/terraform-aws-waf-webaclv2

Terraform module to configure WAF V2 Web ACL with managed rules for Application Load Balancer

Primary LanguageHCLOtherNOASSERTION

GitHub release (latest by date)

terraform-aws-waf-webaclv2

Terraform module to configure WAF Web ACL V2 for Application Load Balancer or Cloudfront distribution.

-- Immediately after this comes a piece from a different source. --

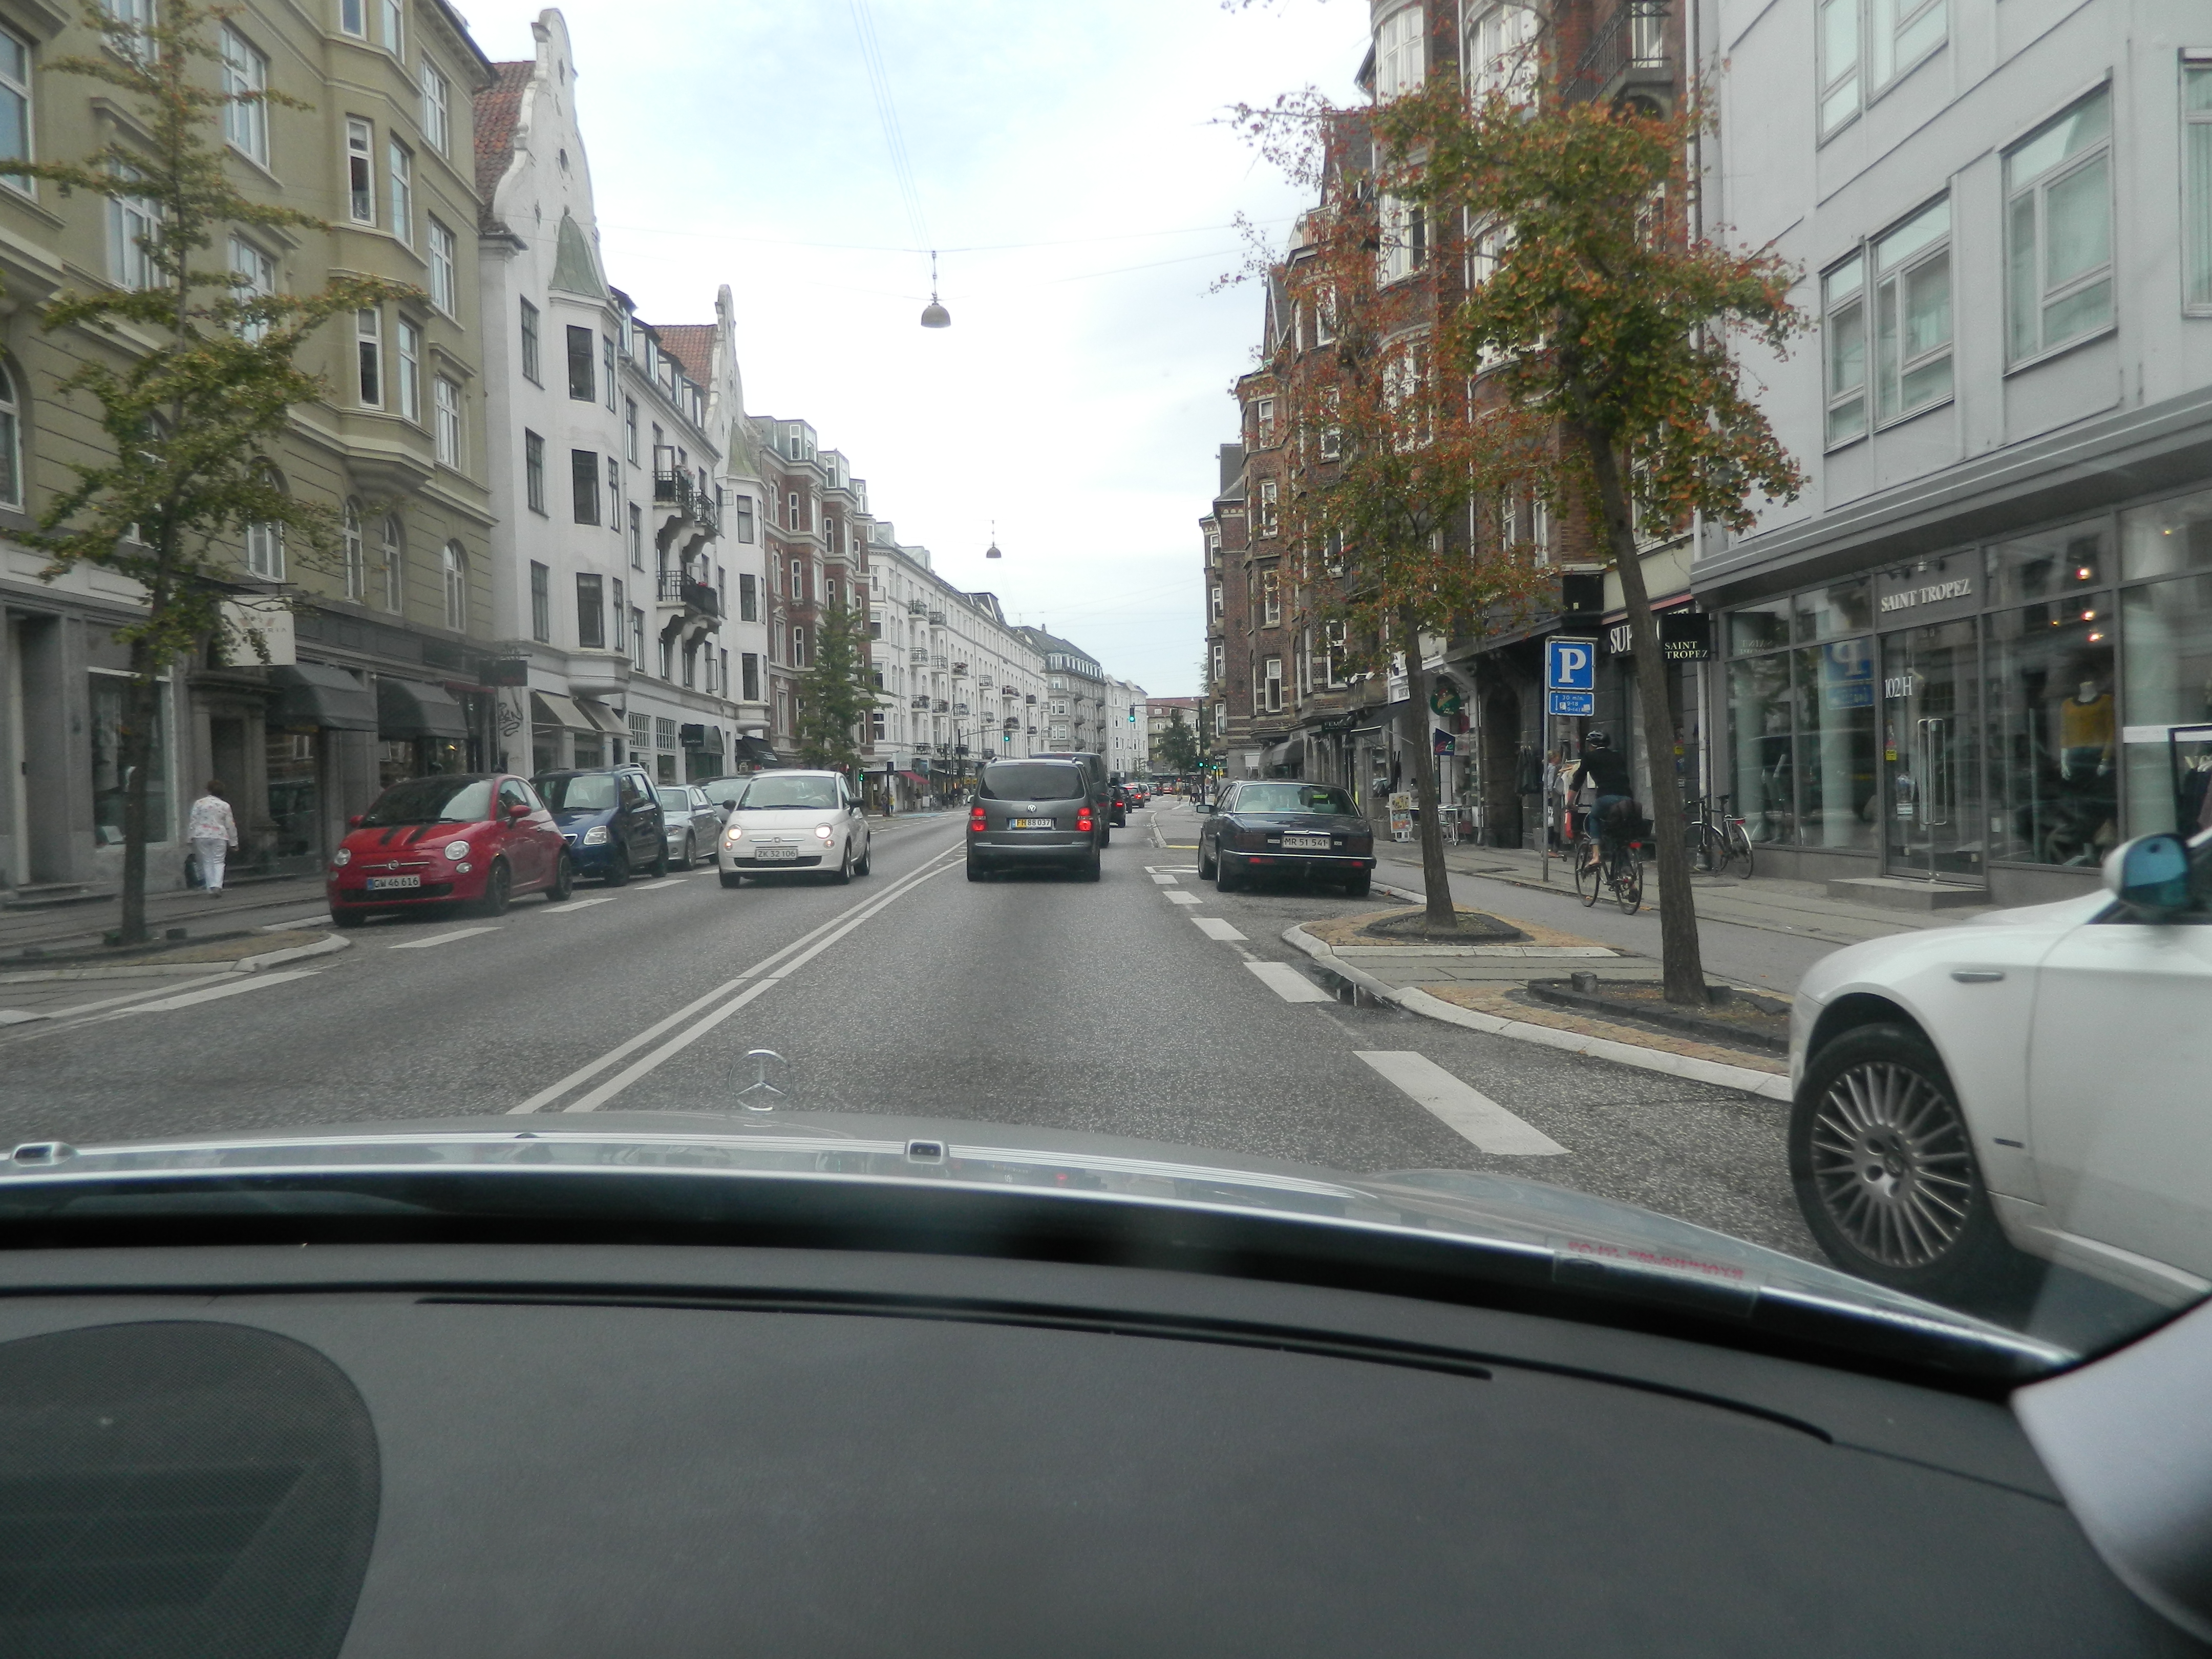 Local Round-Up: A few surprises among the richest and poorest districts in Copenhagen

Supported WAF v2 components:

  • The module supports all AWS-managed rules defined in this AWS documentation.
  • Associating WAFv2 ACL with one or more Application Load Balancers (ALB)
  • Blocking IP Sets
  • Rate limiting IPs (and optional scope down statements)
  • Byte Match statements
  • Geo set statements
  • Logical Statements (AND, OR, NOT)
  • Size constraint statements
  • Label Match statements
  • Regex Match statements
  • Regex Pattern Match statements
  • Custom responses
  • Attach Custom Rule Groups

Terraform versions

Terraform 0.13+ Pin module version to ~> 4.0. Submit pull requests to the main branch.

Usage

Please pin down the version of this module to the exact version.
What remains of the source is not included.